The room has good hot water, a heater, and electric blankets are provided but it is still cold. Very lovely and welcoming staff. The hotel is a 10-minute walk to the town centre. Only stayed five nights in Sapa during the two-month stay in Vietnam and wish we’d had more time, but will definitely return to this stunning region.
The ‘Set ‘ menu (three-course meal) for a standard price seems to be very popular with many restaurants in Sapa. You will only find minor variations in dishes and price between restaurants.
Antique Sapa Restaurant
On 22A Phan Xi Pang Str, this café, bar, and restaurant offers good service and delicious ‘Set’ dinner meals at the best prices and quality in town. An open fire warms up the candle-lit room, making this a lovely cosy ambiance. Ate here a couple of nights but be warned, the main portions are quite large.
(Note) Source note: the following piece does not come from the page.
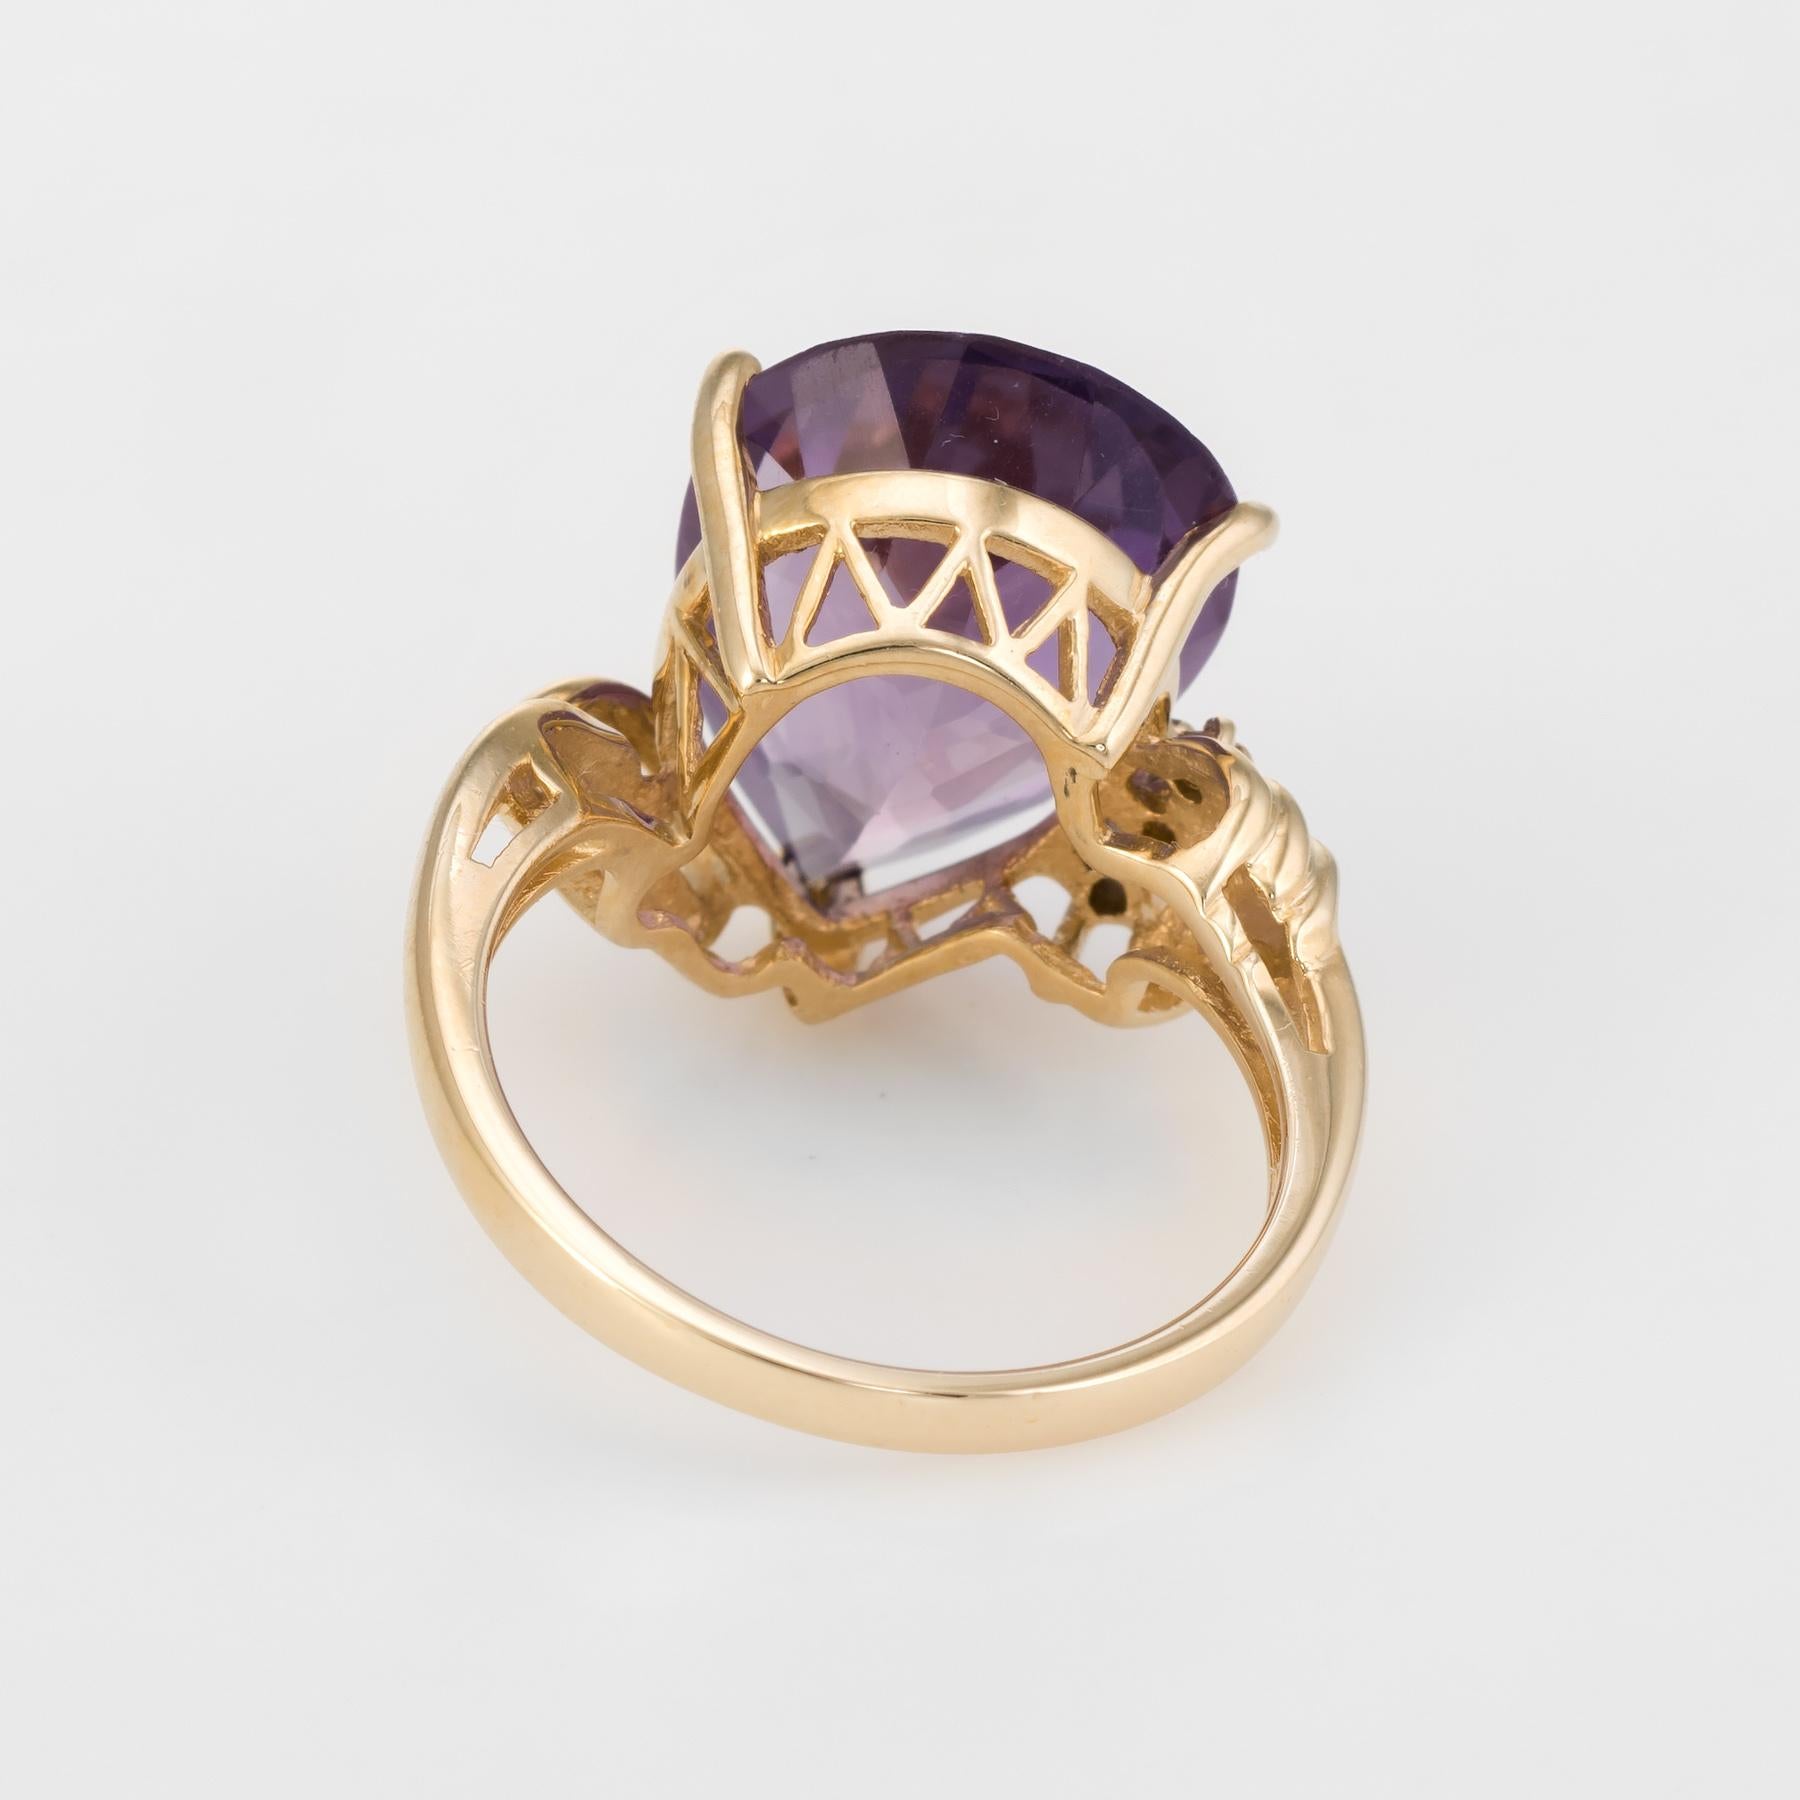 Pear Cut Vintage Amethyst Diamond Ring 10 Karat Gold Pearl Cut Estate Fine Jewelry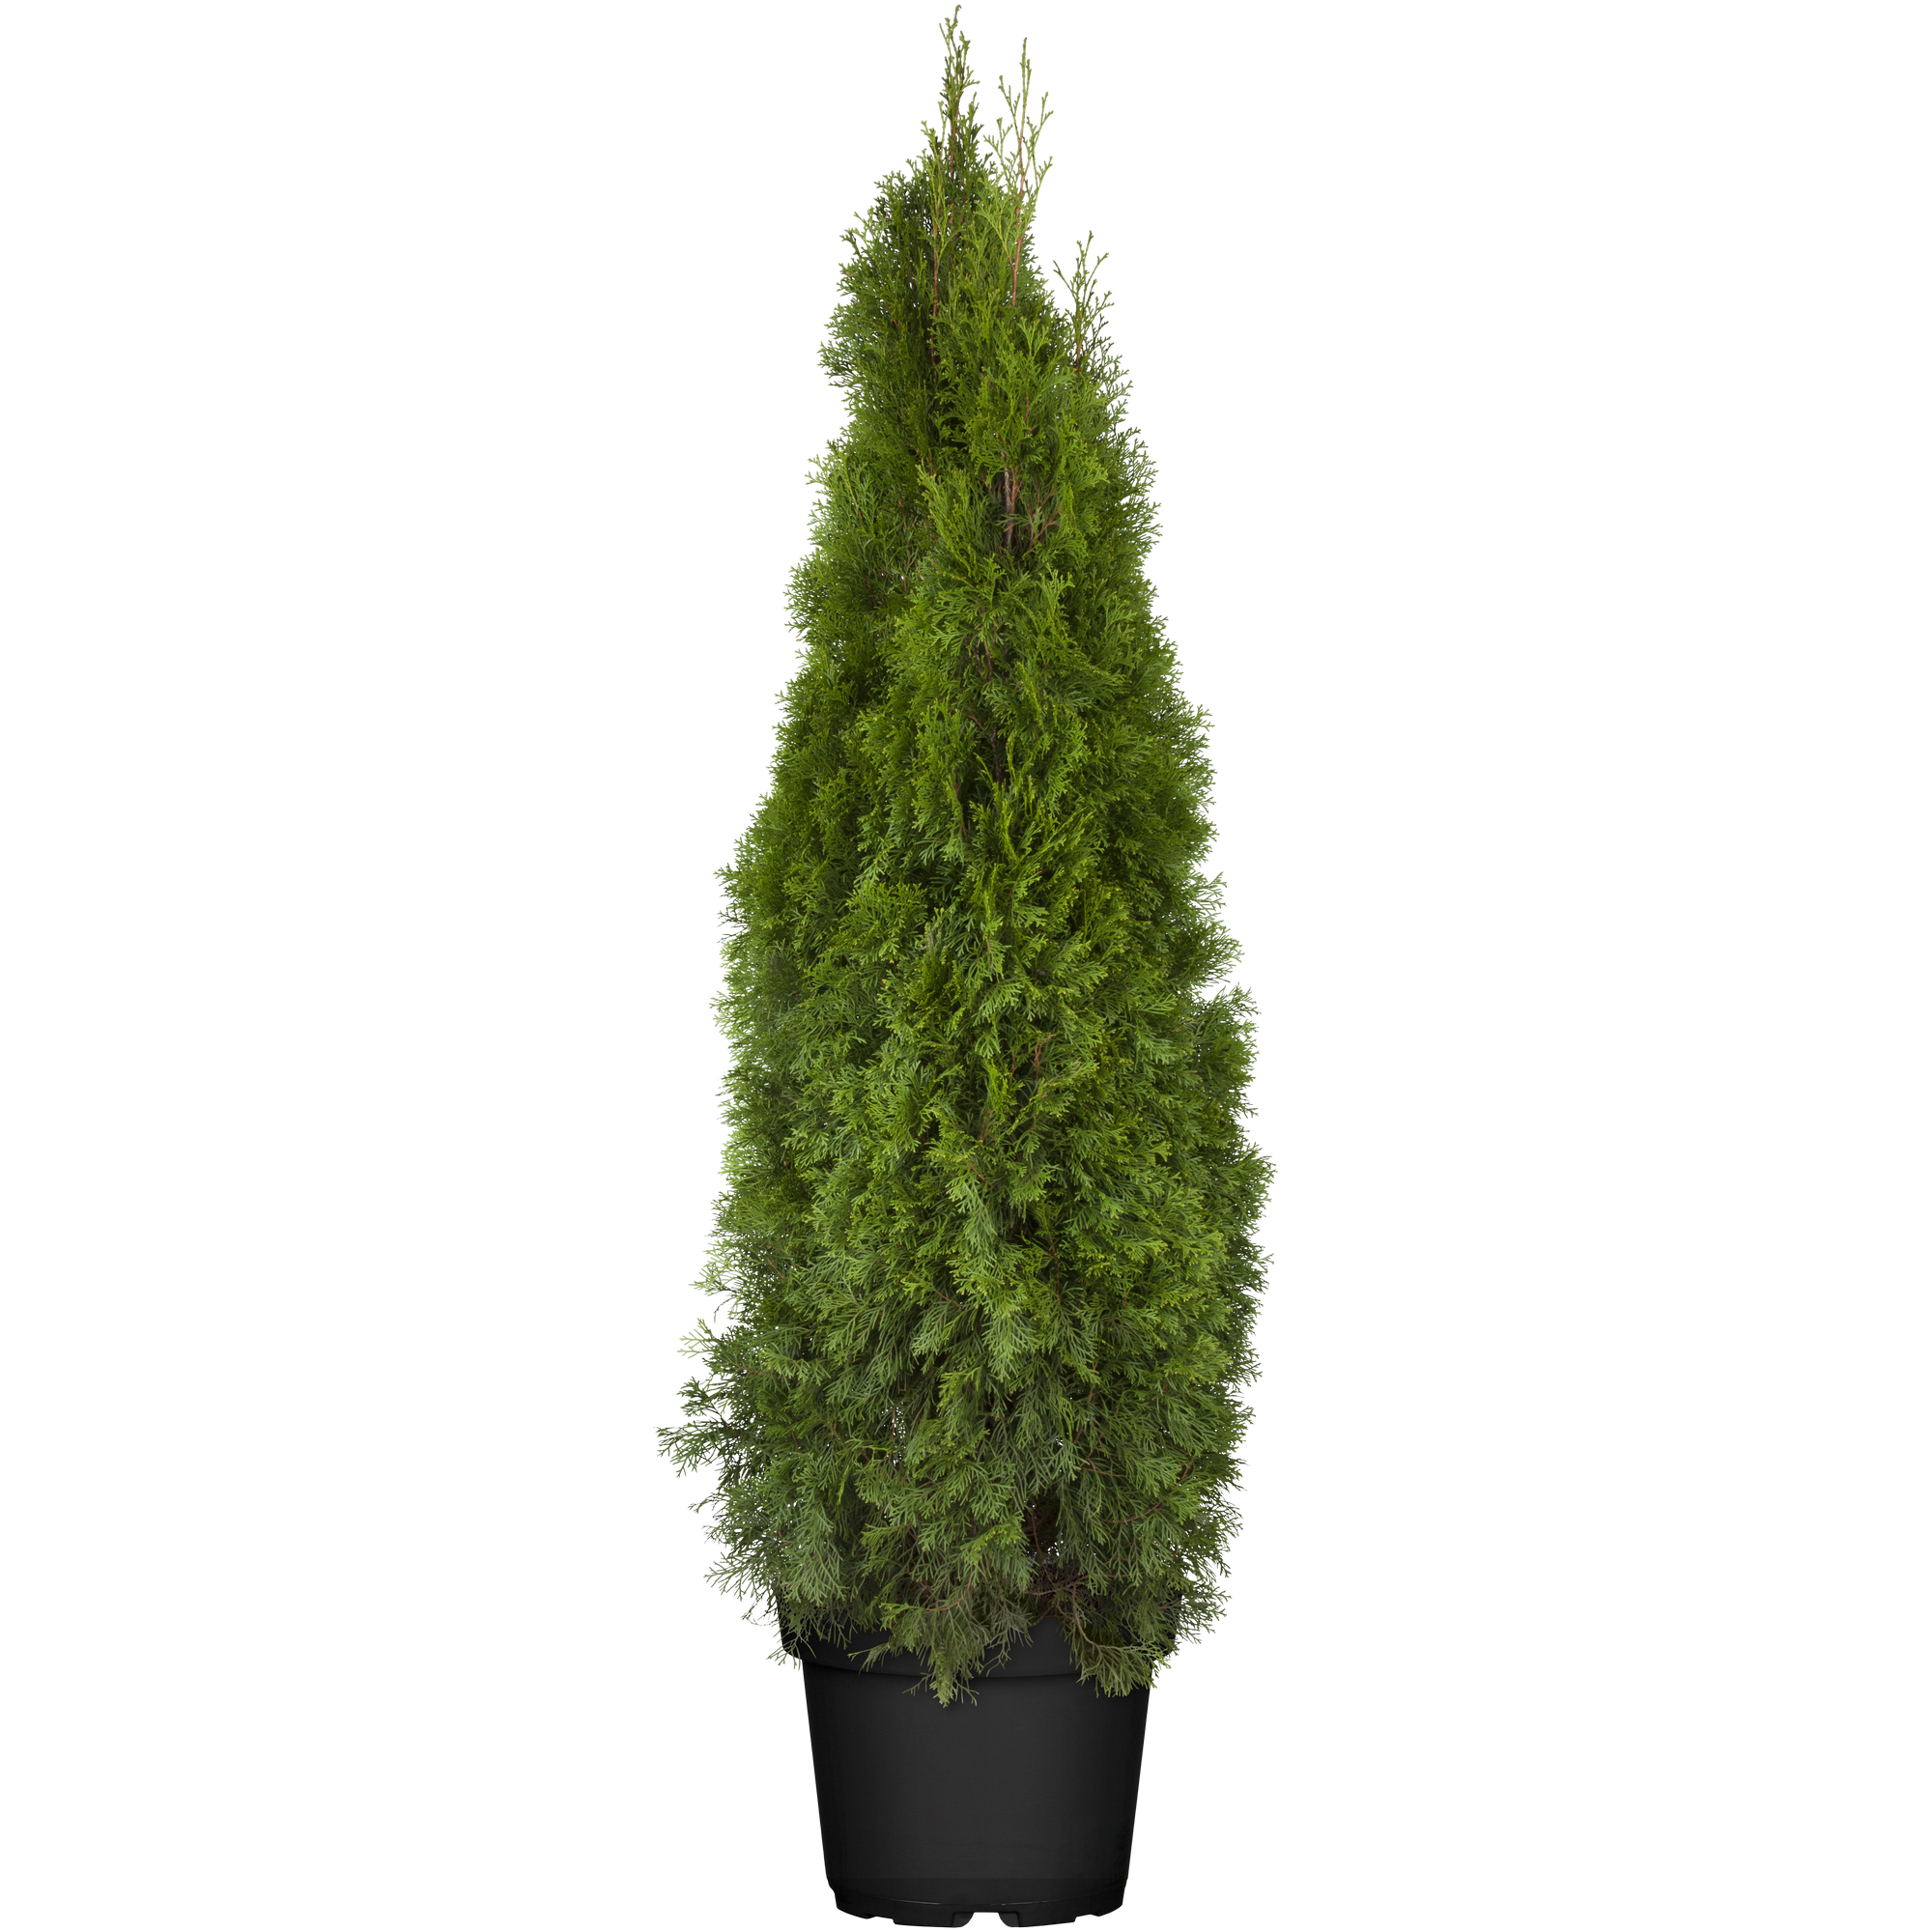 Lebensbaum 'Smaragd' 120-140 cm, 29 cm Topf + product picture

Buy almost everything you need at Sapa’s only supermarket (Ngu Chi Son), especially if you’re doing a couple of days of trekking.
Prices are reasonable and you can even buy local freshly baked bread and pastries here; chocolate is sold but very expensive.
Sapa to Hanoi
The Hưng Thành Travel sleeper bus (250,000VND) to Hanoi leaves at 08:00hrs from Sapa’s bus terminal (centre of town, near the lake) and is supposed to take around 5 to 6 hours.
Our bus driver thinks he’s the only passenger on board and makes his own rules along the way stopping when he wants for a smoke, drink, or to pee behind the bus. He even decided to stop only an hour out of Hanoi for lunch – annoying. Following lunch, the driver gave us the scenic route around Hanoi’s back alleys and suburbs, so the trip took about 7 hours…are we there yet?